ISSCC 2017论文导读 Session 14:A 288μW Programmable Deep-Learning Processor with 270KB On-Chip Weight

A 288μW Programmable Deep-Learning Processor with 270KB On-Chip Weight Storage Using Non-Uniform Memory Hierarchy for Mobile Intelligence

单位:Michigan,CubeWorks(密歇根大学,CubeWorks公司)

又是一款做DNN加速的面向IOT的专用芯片,主要特点是有L1~L4四级不同速度、能耗的层次化存储。通过对全连接矩阵x向量的计算流程优化,最终可以在0.65V 3.9MHz下获得374GOPS/W的能效表现及288uW的能耗指标[1]。主要还是低功耗,288uW可以做到常开了。

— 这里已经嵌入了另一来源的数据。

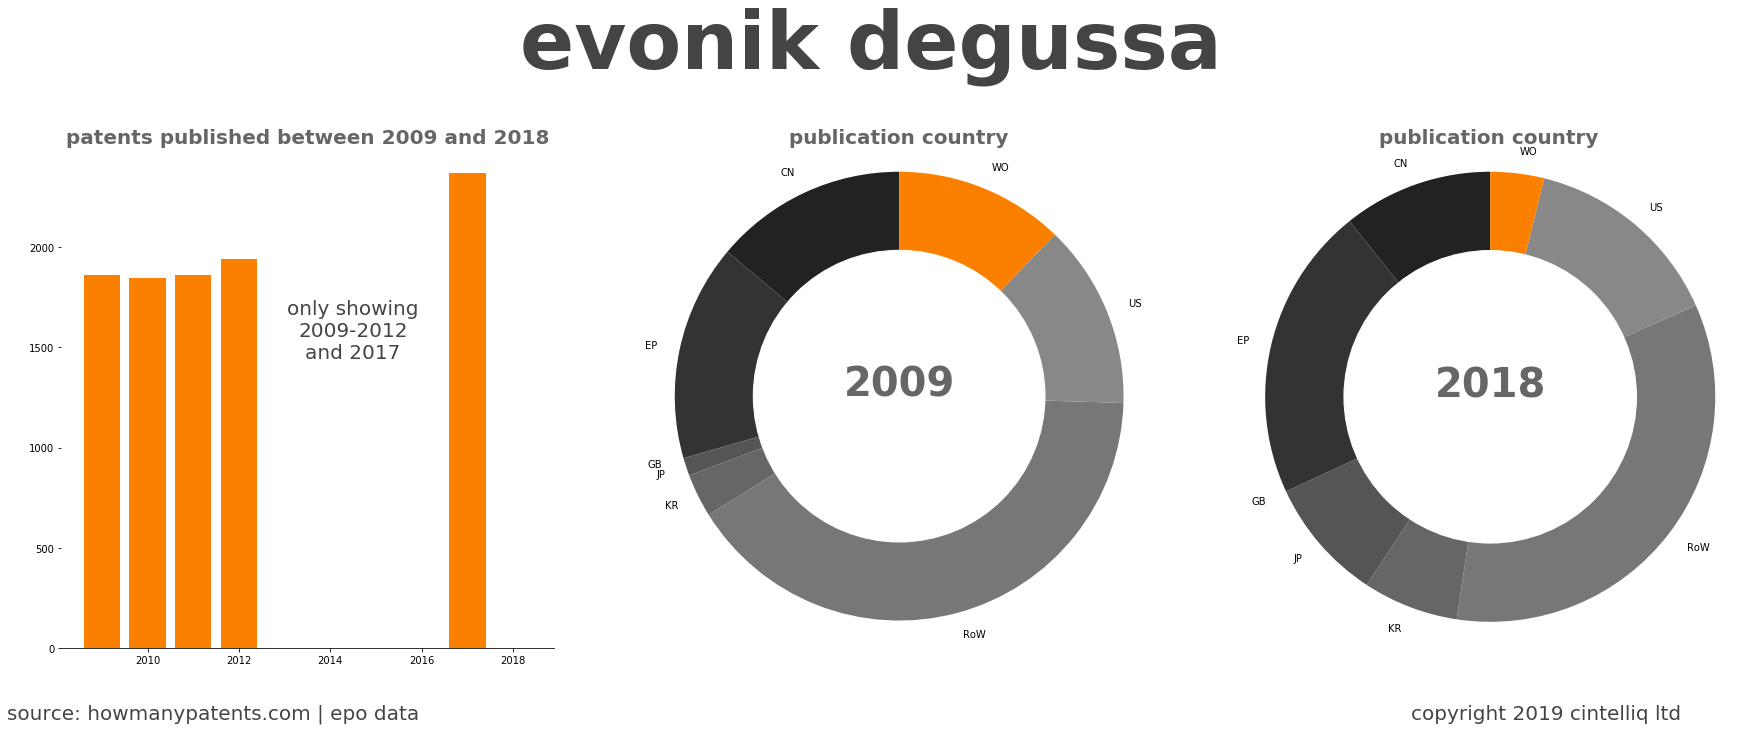 summary of patents for Evonik Degussa

IoT DLA(Deep Learning Accelerator)的愿景和实操:IoT的结点将具有移动感知能力,同时可以运行简单的语音/图像检测和离线学习能力,可以完成部分DSP的计算工作。当前的技术采用了高并行的PE以及非标准的memory结构NUMA,定制的低漏电流SRAM,同时对数据位宽采用精度可配的管理方式。

这里写图片描述

和传统的计算相比,深度学习的访存次数大大增加,计算的不确定性也十分明显,传统的层次化存储结构(寄存器-Cache-DRAM-HDD/SSD)已经难以满足需求(Cache作用不明显,访存不规则但是服从统计学分布规律)。因此,采用非一致的存储架构、提高存储的bit密度,以及使用长字节表达+可变精度的数据格式,可以有效提升深度学习的访存、能效表现。

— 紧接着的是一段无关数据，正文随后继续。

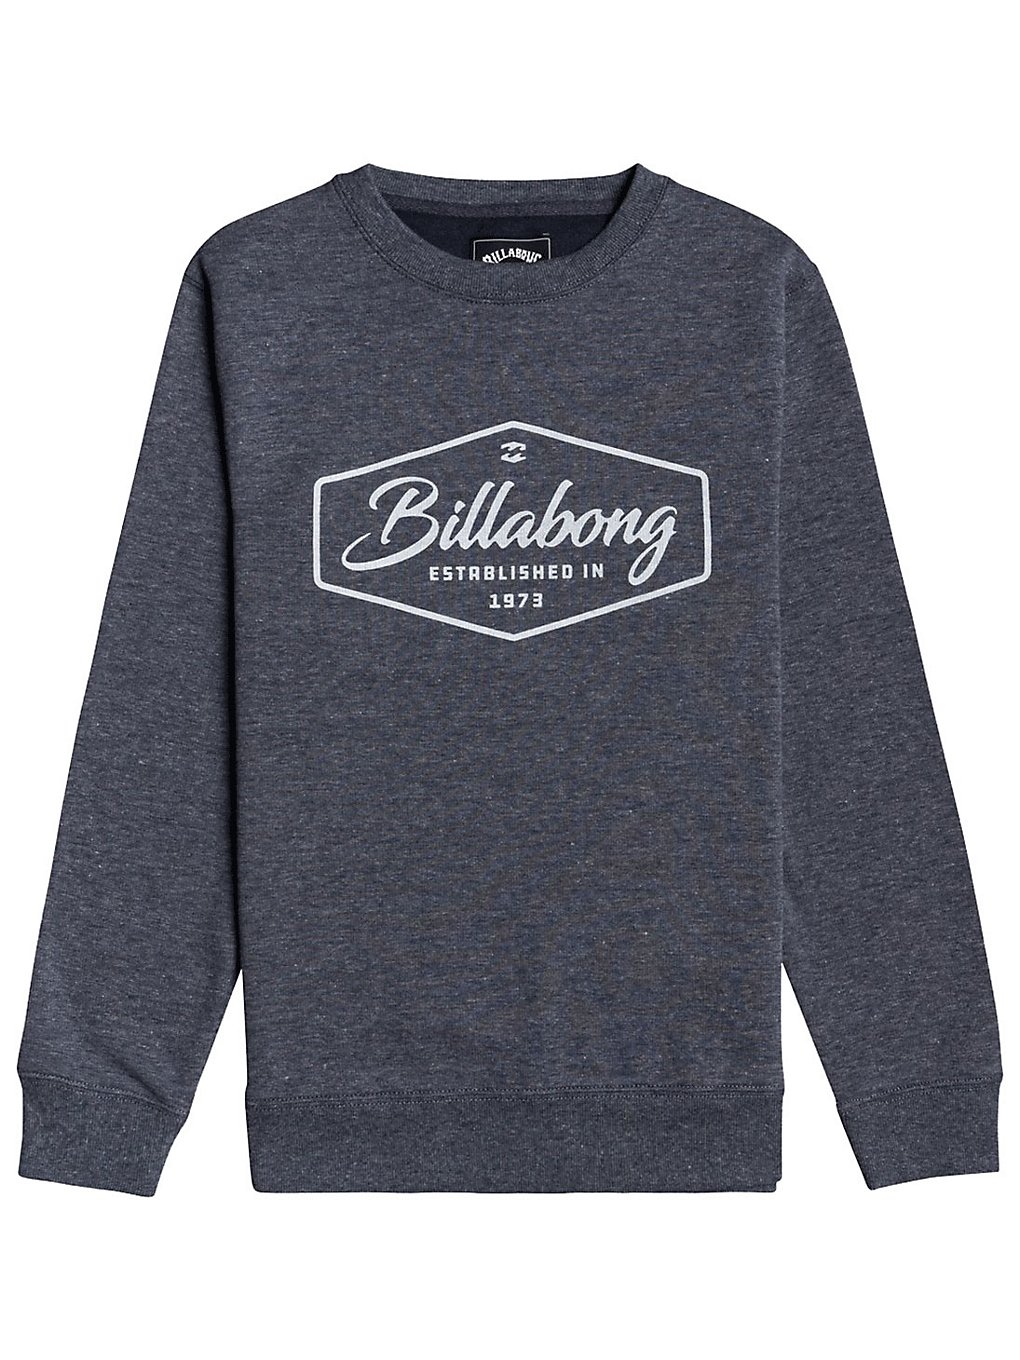 Billabong Trademark Crew Sweater navy

采用的多层存储结构:采用非一致性的NUMA,建立确定性访存机制,提出数据分配机制以及数据的连续地址存放。

这里写图片描述

DLA的设计:每个PE均具有共计67.5kB的4层存储结构,通过AHB与主控芯片相连,通过MMIO寄存器进行数据交互。——AHB Lite和寄存器交互使得数据交换能耗低;

这里写图片描述

下面是重点:

DLA的PE设计:整体工作流程:

1、instruction buffer用于接受由主控核(Cortex-M0)发出的指令,经由WR/RD进行选择,将192b的指令输出到中心controller;
2、中心controller(CTR)将状态寄存器Status Reg置位“Running”;
3、访存单元(Mem)通过中心controller和PE进行数据交互,CTR定义MemAU数据访存模式(序列Seq/随机Ran),PE通过CTR和MemAU进行访存操作;同时MemAU采用了power gating和signal gating技术;对于外存的访问请求,也通过MemAU处理,优先级为:Cortex-M0>外部PE>所在PE;
4、CTR向Data Buffer发起数据请求,完成:解压MemAU输入的96b数据,打包发出输出的96b数据,并采用临近数据存储方式进行操作;
5、CTR对ALU发起数据,ALU通过IO口从Data Buffer中读取数据,可以进行如下计算:4个乘法计算(8bit)、4个乘法计算(16bit)、10个加法器、6个移位器;基于查找表的多项式差值计算单元,用于激活函数的计算;
6、计算任务完成后,Cortex-M0发出信号,CTR将Status Reg置位Done。

这里写图片描述

有信号开关的SRAM结构:通过SIGNAL_GATING[3:0]和DATA_DATING[3:0]进行数据的存储层级选择。

这里写图片描述

本芯片主要能做FC的计算,全连接层的运算(Fully-Connected Layer, FCL):分解为矩阵x向量+激活函数。核心是Matrix-Vector Multiplication(MVM)。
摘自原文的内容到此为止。